• **TASK BRIEF**
Among the lines below, the one containing "Fen Road, Pointon, Sleaford, Lincolnshire, NG34" opens the range and the one containing "Paras Chabbra and" closes it. Print that range exactly, without the pictures.

• **DATA**
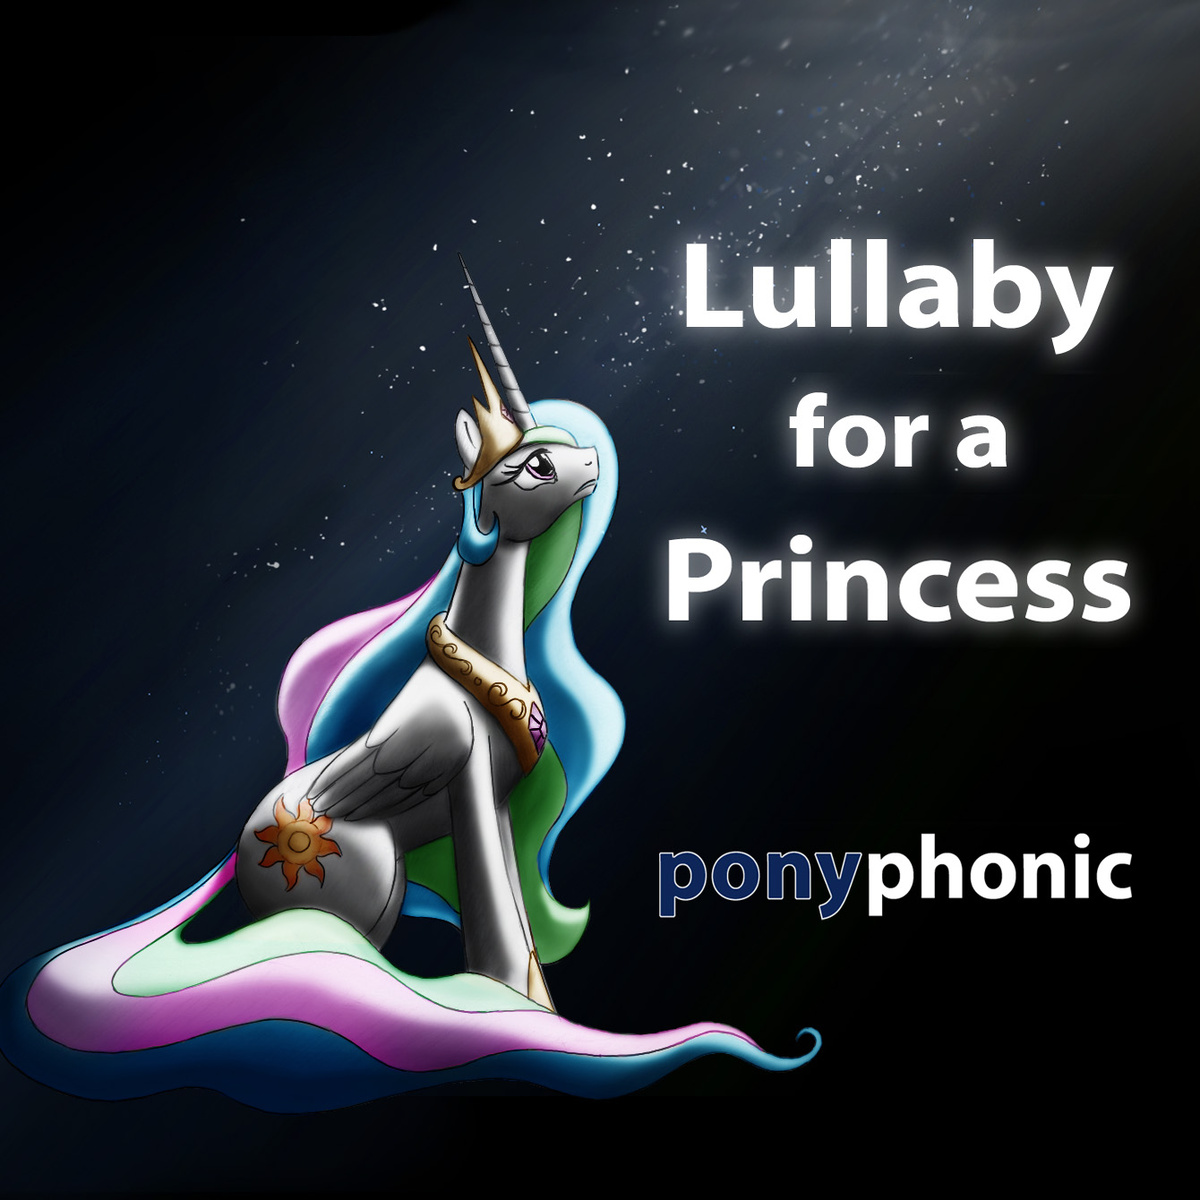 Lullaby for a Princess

* * *

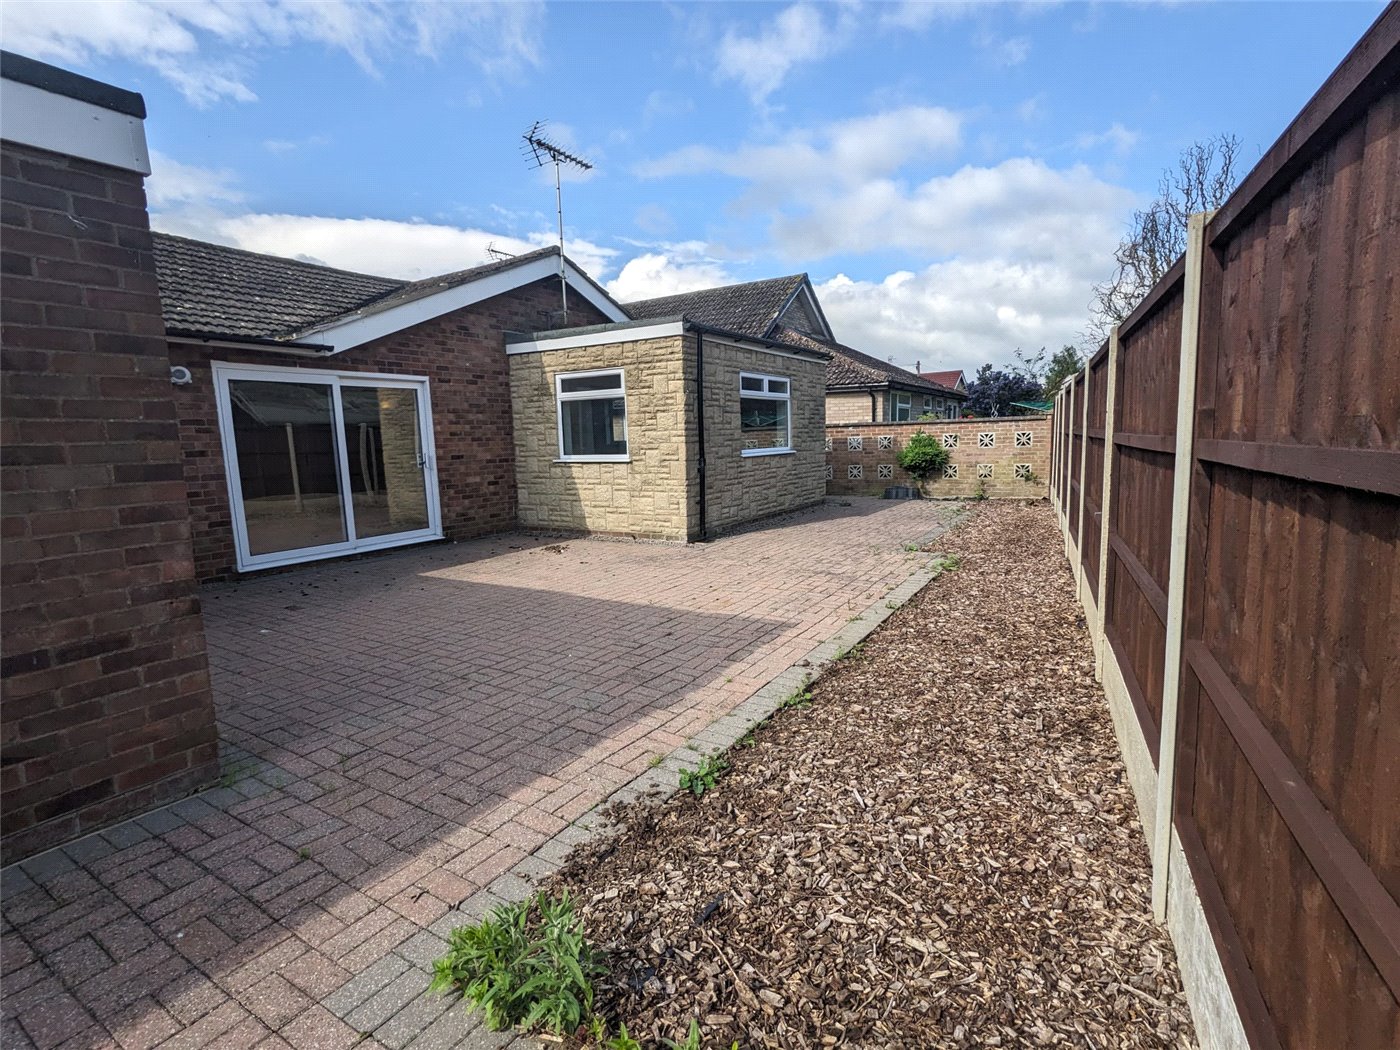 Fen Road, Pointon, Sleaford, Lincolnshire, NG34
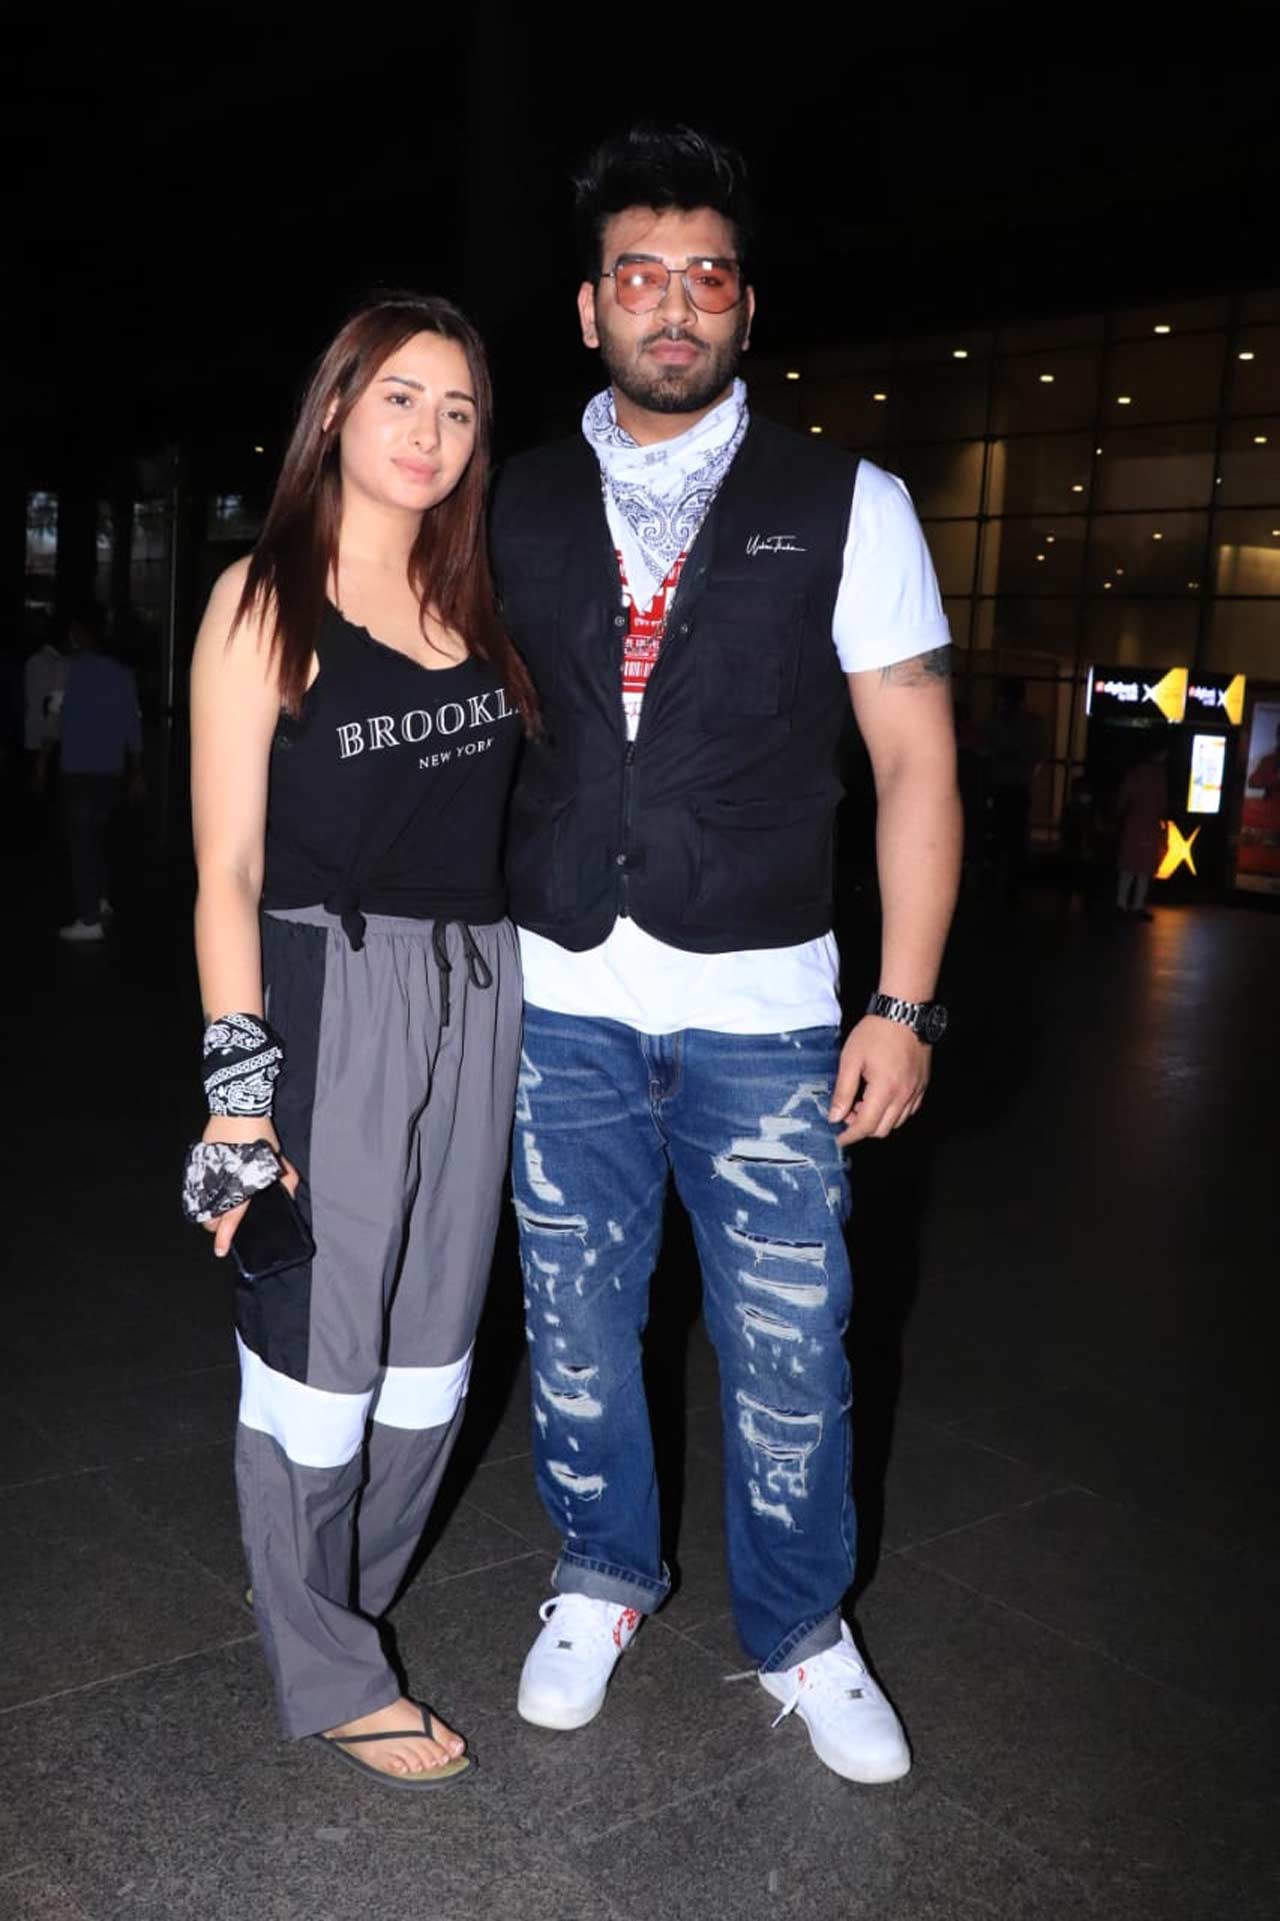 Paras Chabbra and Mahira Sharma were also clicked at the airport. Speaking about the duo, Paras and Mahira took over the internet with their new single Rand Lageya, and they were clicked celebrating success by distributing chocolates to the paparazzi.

• **WRITTEN RESPONSE**
 Fen Road, Pointon, Sleaford, Lincolnshire, NG34
 Paras Chabbra and Mahira Sharma were also clicked at the airport. Speaking about the duo, Paras and Mahira took over the internet with their new single Rand Lageya, and they were clicked celebrating success by distributing chocolates to the paparazzi.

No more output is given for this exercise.